"Landscape Architecture" was first loosely tied to the relationship between built and natural forms in the early 1800's. George Oskar redefined the concept in the mid 1800's through his design of Central Park in New York. Not only did it then become a professional title, but it now referred specifically to the composition of landform, paving, and construction. While we tie the title and more "scholarly" applications to this more recent history, Roman Gardens have been around since 60BC. Originally born of necessity, these gardens were a function of life providing water, food and shade. The aesthetic aspect of gardening advanced rapidly in Japanese and Chinese Cultures with substantially different takes on design process. Chinese Gardens continue to be designed as natural, reflective and interactive environments. While Japanese Gardens are often designed for a specific outside viewing points, Chinese Gardens are meant to be viewed from within with centralized structures. The Renaissance brought the use of proportion and line to the private garden. Not surprisingly, this formal use of spacing was furthered by the founder of analytic geometry, Renee Descartes. The rich history of landscape architecture has provided design theories which we still use today. What has changed is the methodology and materials used in today's landscapes.

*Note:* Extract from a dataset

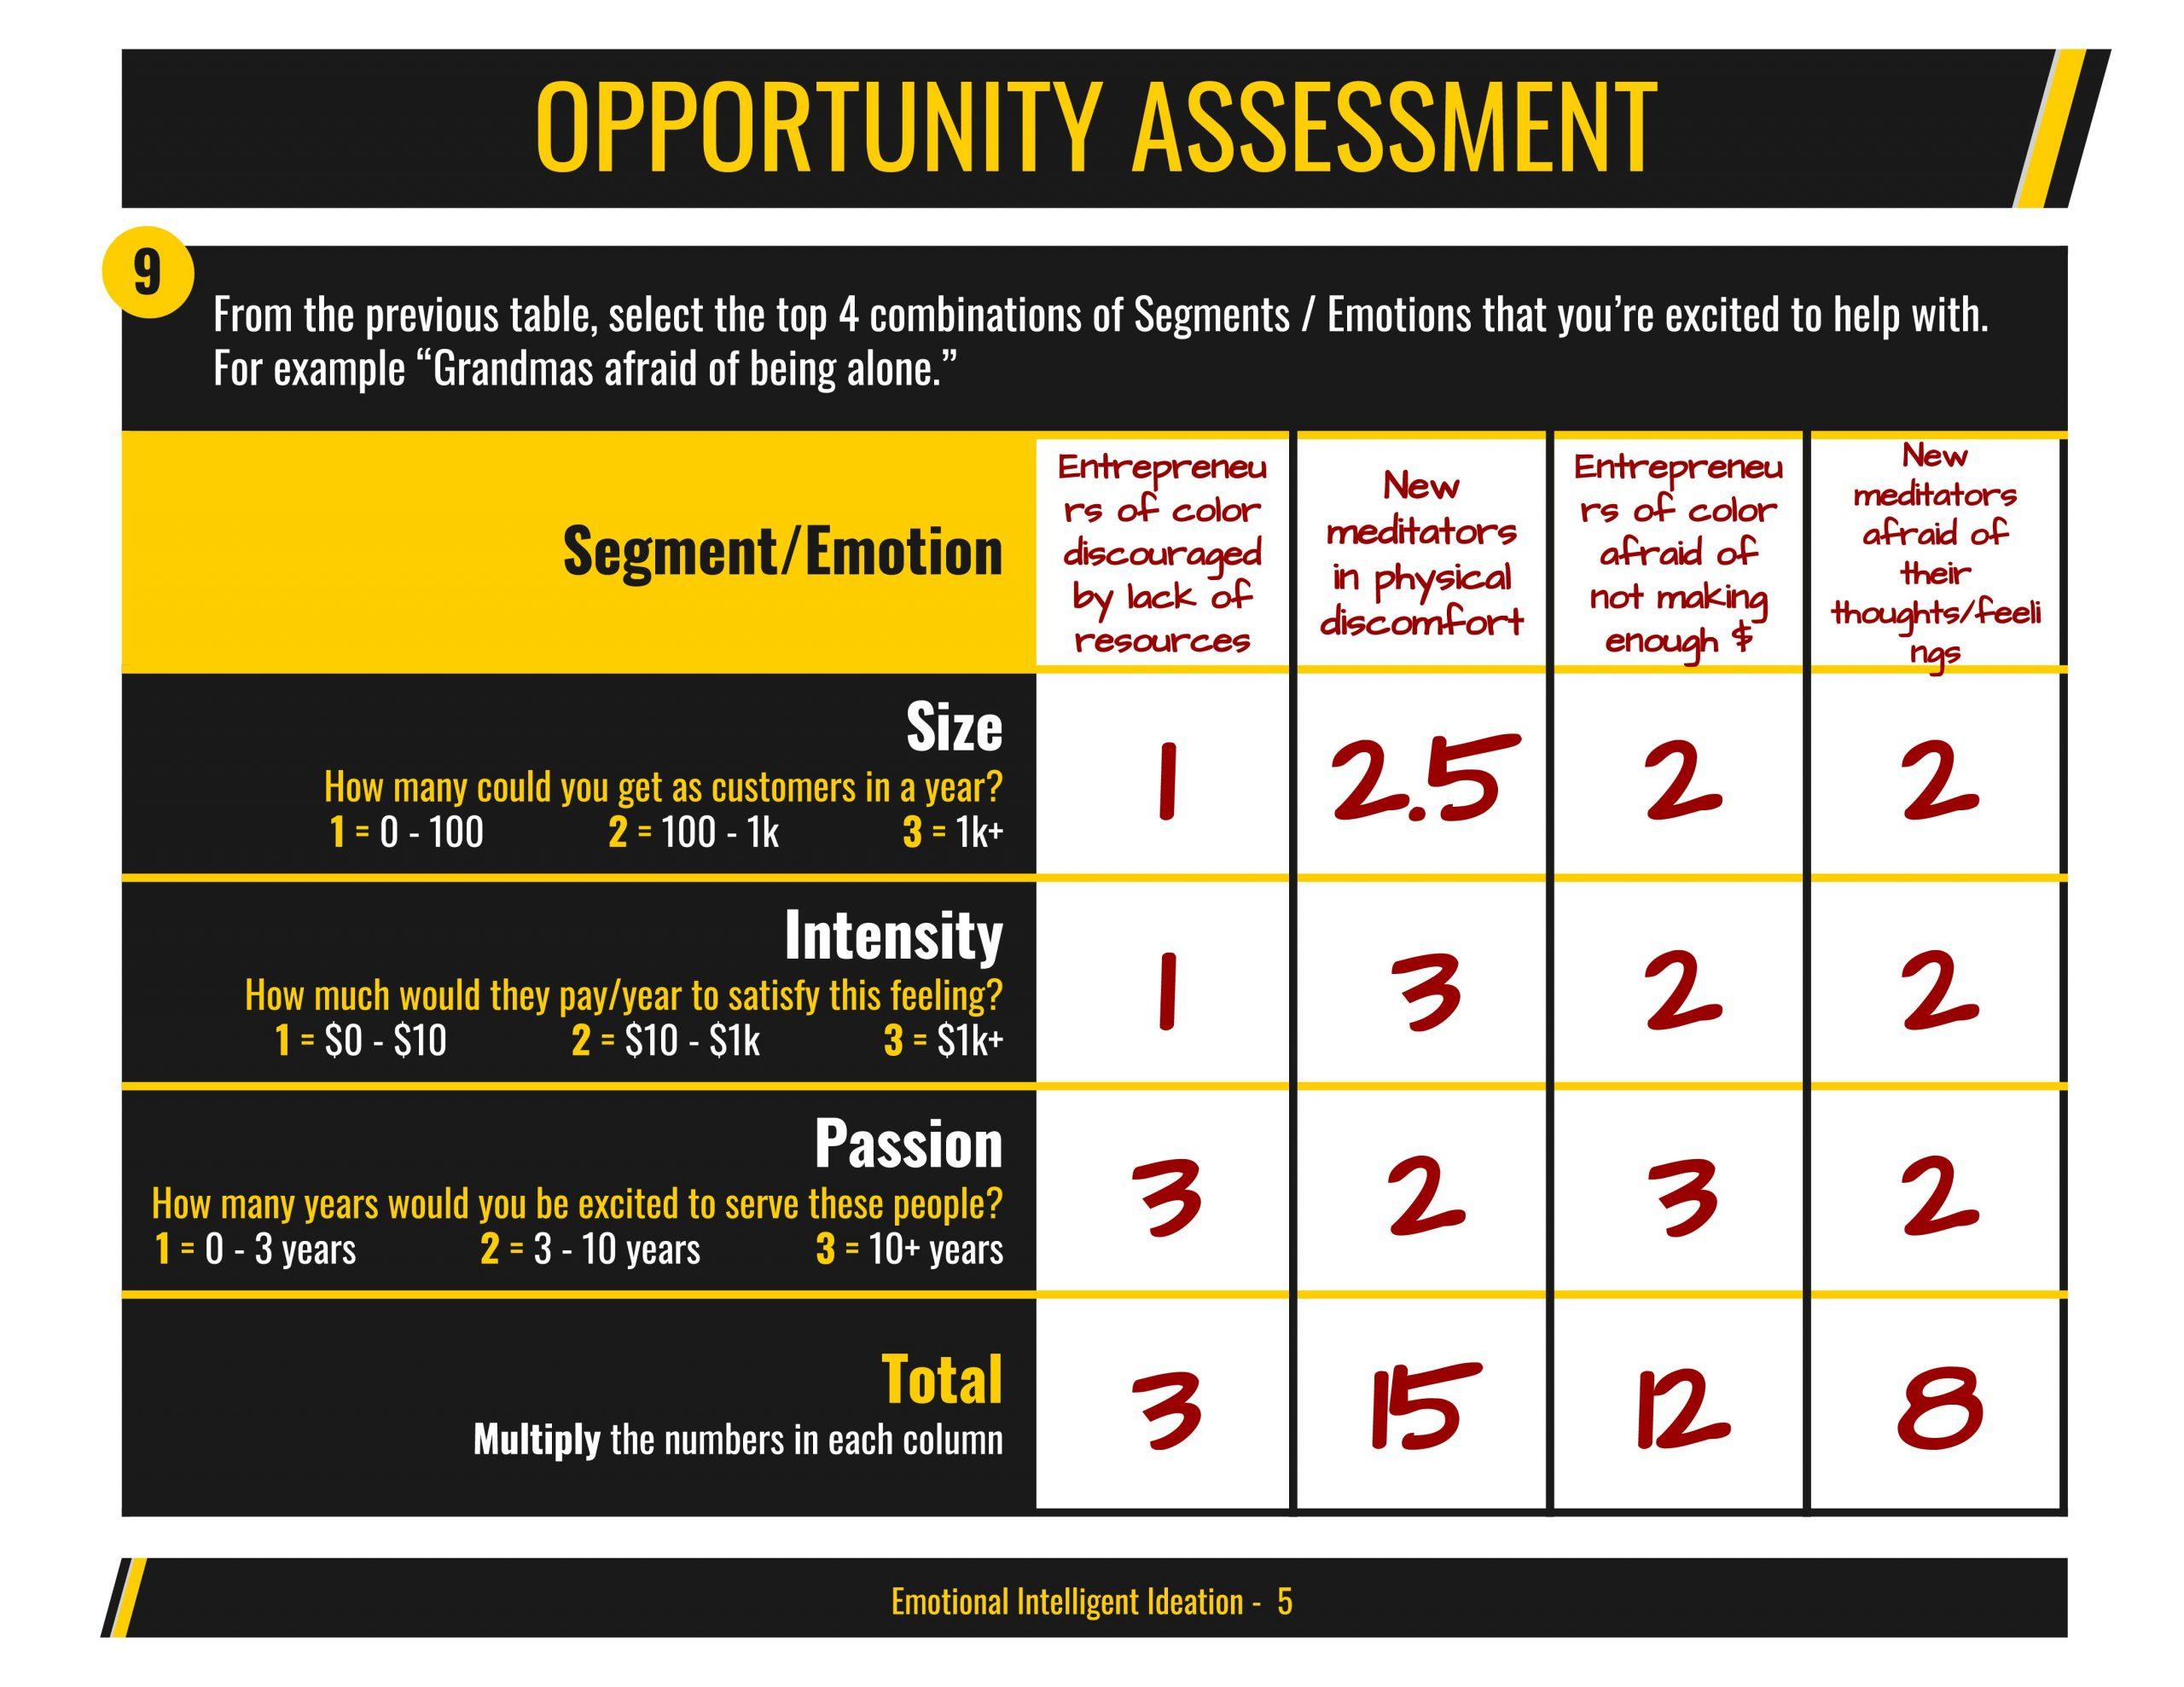 Opportunity assessment

Landscapes of the past focused heavily on growth while the future will focus on sustainability. The future of landscape design will also continue to focus on our ability to blend. We blend art and science, morphology, size, the built and the natural worlds. The use of new products and technologies are not only changing how we design and how we construct, but how we live. The last 10 years have brought the indoors out with the evolution of outdoor living. While this has been profoundly focused on entertainment and comfort, it has included more shade structures, shade trees, permeable paved surfaces, and has effectively created spaces where we spend more time outside in the fresh air rather than in indoor, air conditioned environments.
The next ten years are filled with aesthetic awe and functional regeneration. The line between structure and environment will continue to be obscured. Slowly, you are already seeing the evolution take place all around you. Whether you installed LED lights in your landscape this year, visited one of the many green roofs in Madison, or took notice of the changes in parking lot design of newly constructed stores in our area. Plant selection, island layouts, and rainwater capture are drastically different from parking lots constructed even 5 years ago!